I originally believed that when I analyzed the sentiment behind each album, I thought that her more recent albums have more negative words than her earlier albums. This wasn’t entirely the case. I found that some of her earlier albums included negative words as well. One interesting find was that her latest 2 albums, Folklore and Evermore were very negative even though they both held a high count of the word “love” when I analyzed their individual love words. This could prove that Taylor Swift’s opinion on love has changed from her entirely positive first album, Taylor Swift, which was found to hold the themes of anticipation, joy, positive, surprise, trust and also scored the highest on the average sentiment chart.

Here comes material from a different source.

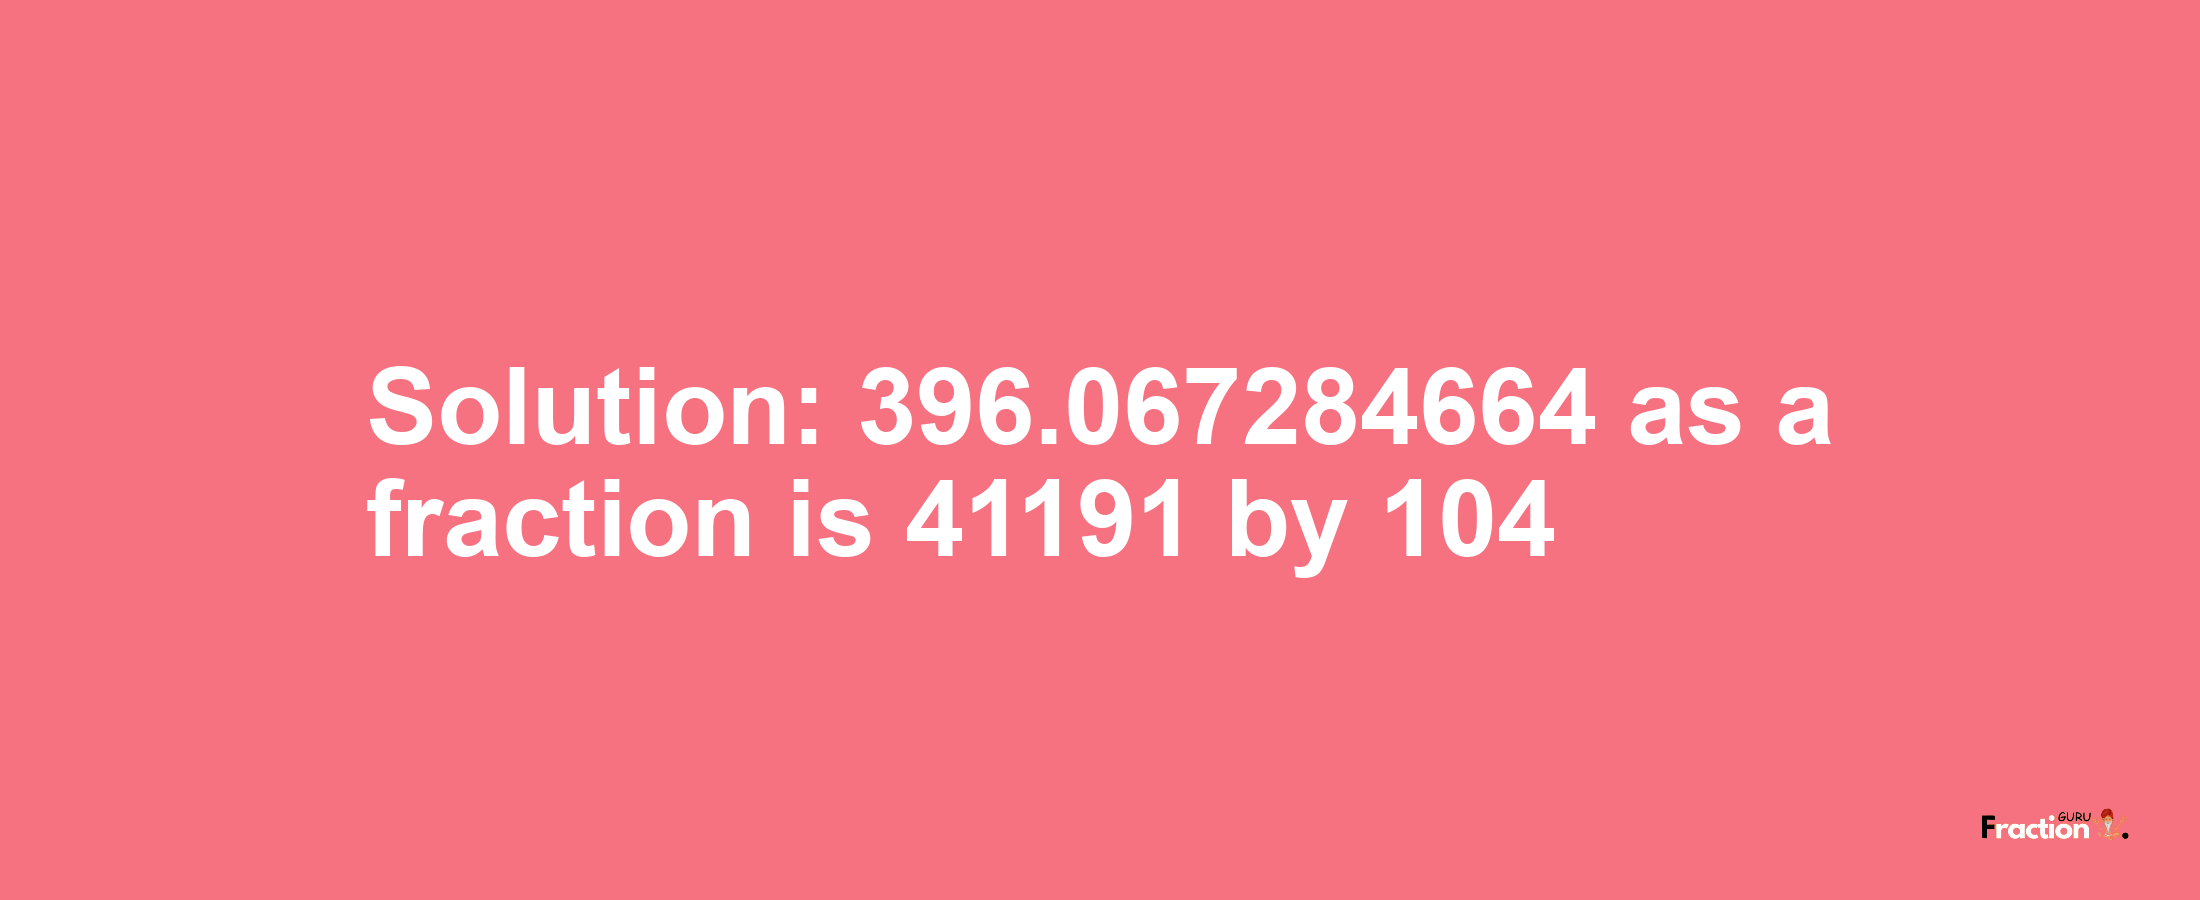 Solution:396.067284664 as a fraction is 41191/104

At the end of the day, Taylor Swift’s music has changed a lot over the years, but one thing that remains constant is the theme of love. Whether she’s talking about it in a positive or negative way, you can rely on all 9 of her albums to include some sort of love words. If you’re looking to listen to a more positively averaged album, her first two - Taylor Swift and Fearless - are for you. If you’re looking for a more negative outlook, her latest albums - Folklore and Evermore- should do the trick.